Saturday, February 9, 2008

People

Come on, I'm a social worker, of course I'm looking at the people. The people were super nice! All of them were so gracious about letting us use Spanish (and not automatically converting to English) and patient with trying to understand us!

Guatemalan women seem to be very much connected to their traditional dress. The men not so much. The traditional outfit is a hupil (who-peel) which is the shirt made of multicolored fabrics and then embroidered around the neck. This embroidery work is stunning and is often flowers, but I also saw birds, people, and geometric designs. The skirts are one long piece of fabric and then tied with a sash that is also beautifully embroidered. Everything is very brightly colored and patterned. Shoes were usually sandals of some kind.

One tricky thing about the people is that they either don't want their picture taken or they want to be paid for it. The going rate seemed to be 5 quetzals (about $0.75). Usually I would include it in my barganing when I bought something from someone. This lady sold me my camera case, and I paid more than she asked for the privelidge. Not only is this a careful negotiation, you also have to know when to ask. A lot of Guatamalans frown on Americans taking pictures of their children This is apparently born out of concern that Americans only want to steal or adopt the children and taking pictures is seen as scouting. I have to say that this doesn't seem altogether paranoid to me, we saw a lot of white parents with latino looking babies!

And who wouldn't want to take their pictures, the childen were super cute! These pictures were taken at a market in Antigua and the mother was very friendly and gracious when I asked. The girls were playing on their own in the first picture and then posed for me in the second, I'm not sure which one is my favorite.













These kids were pusing thier cart along the cobblestone streets of Antigua one morning. They were cute and clearly responsible, I couldn't resist! They seemed amused by the tourists.

The Campey Family- our wonderful hosts

My mom found these people through a friend and they were wonderful additions to our trip. They rented our room to us and fed us for about $15 a week! The mother, Libia, was a wonderful conversationalist and was very easy to understand! The father, Carlos, was very welcoming and always had time to answer our questions. They also had two girls living with them who were students, Shalom and Crisitina. They lived in Antigua during the day and were doing practicum work in teaching in one of the nearby towns. They were sweet girls who left us little notes of well wishes! (Left to Right below: Cristina, Shirley (another American guest), Libia, Mom, Shalom, and me)

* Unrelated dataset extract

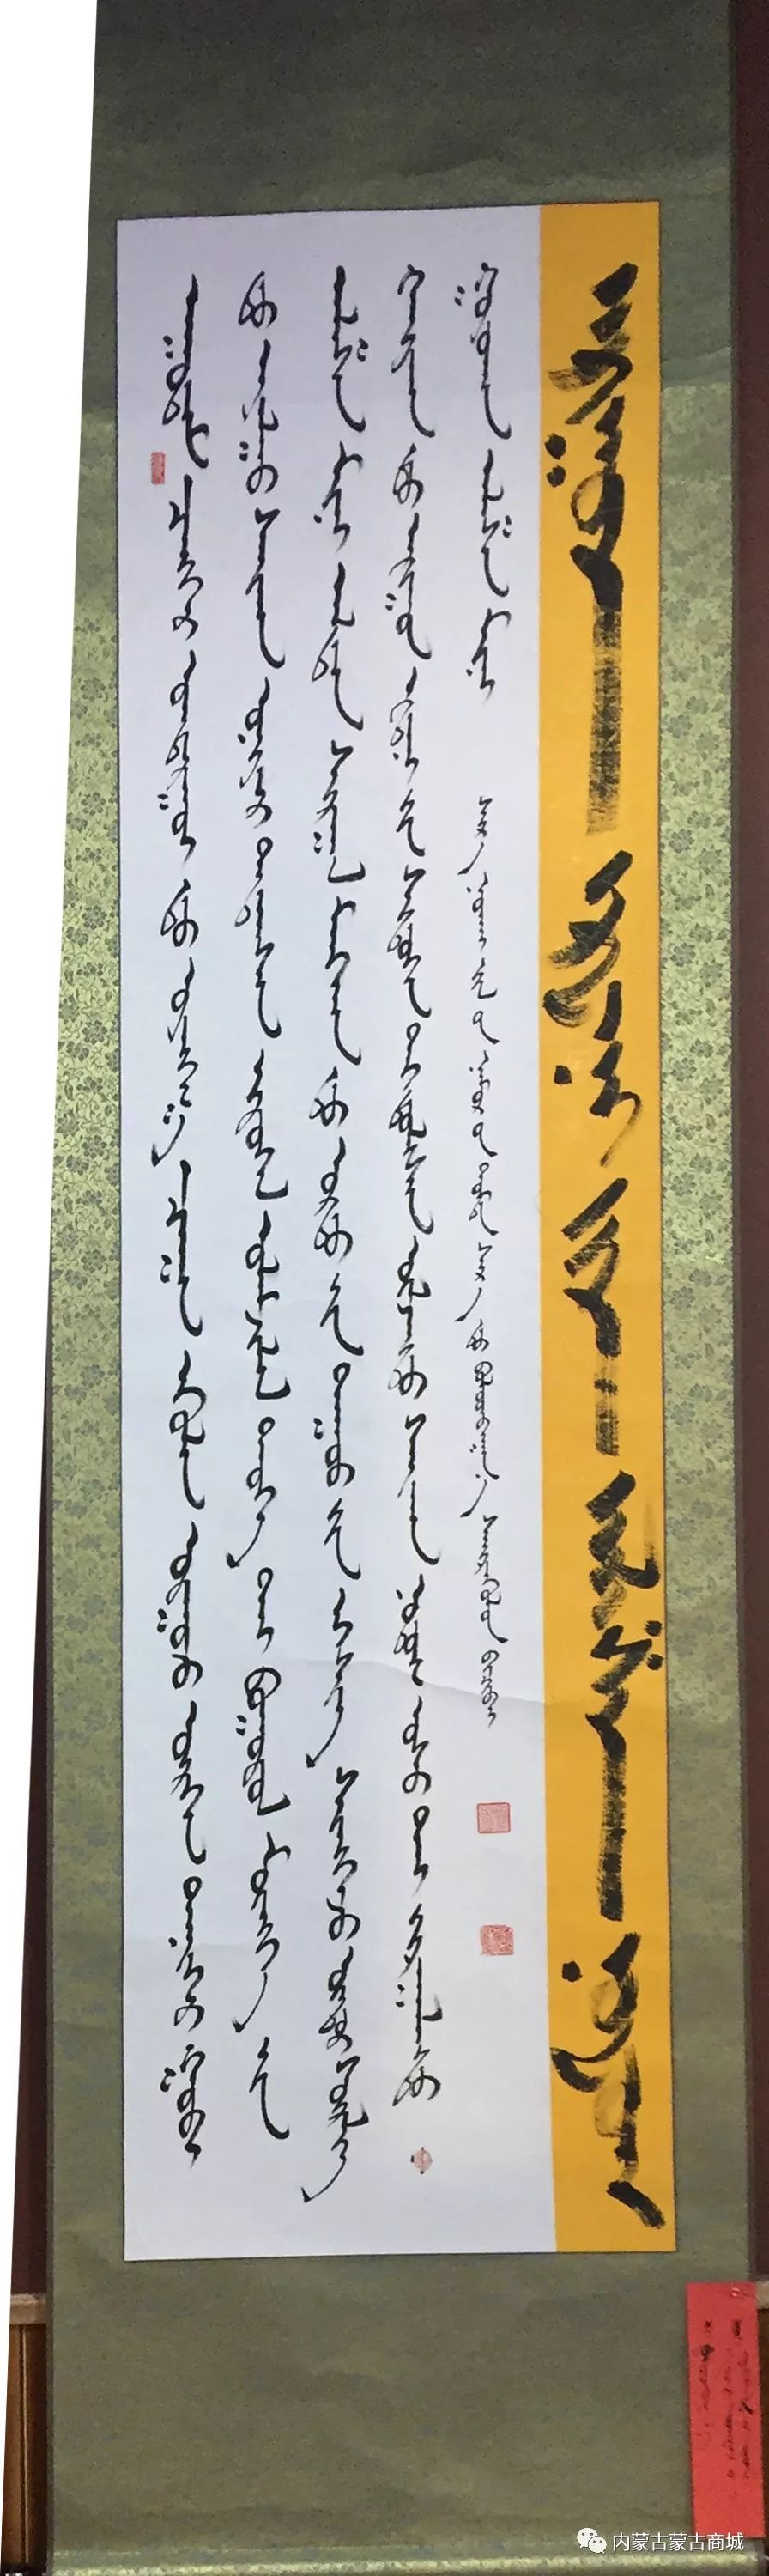 【第六期】蒙古文书法作品 第10张

Interstingly the family had three biological children and then adopted 9 children who were orphaned by Guatamala's 36 year civil war which killed 200,000 people and displaced more than 1 million people! This is a very touchy subject for most people and the wounds are still fresh. Carlos was our one Guatamalan who would talk about it, which was better than any textbook or newspaper.



The star of the household is their parrot, Bartolo. He was quite a character and would talk, mostly saying his own name!












Here is a picture of their house and mom in our bedroom!






A little about Antigua



So, our home base for the trip was Antigua, which is about 45 minutes to the southwest of Guatamala City. My mom had been there volunteering for two weeks already and was finishing up whne I arrived. Antigua is a cute city, pretty walkable with cobblestone streets and nice plazas and churches (pretty standard Latin American fare). The famous structure of the town is this arch, el Arco de Santa Catalina, which was part of an old convent. Built in 1694 it allowed nuns living on either side of the street to cross without being seen.
The other remarkable thing is the volcanos that surround Antigua. There are three major ones in the vicinity of Antigua. The one that loomed most for me was Agua, which most of the time you could not see because the top was covered by clouds! This is the one picture that I got of Agua, taken from our bedroom. Ironically, this was taken the one and only day of rain we had the entire time!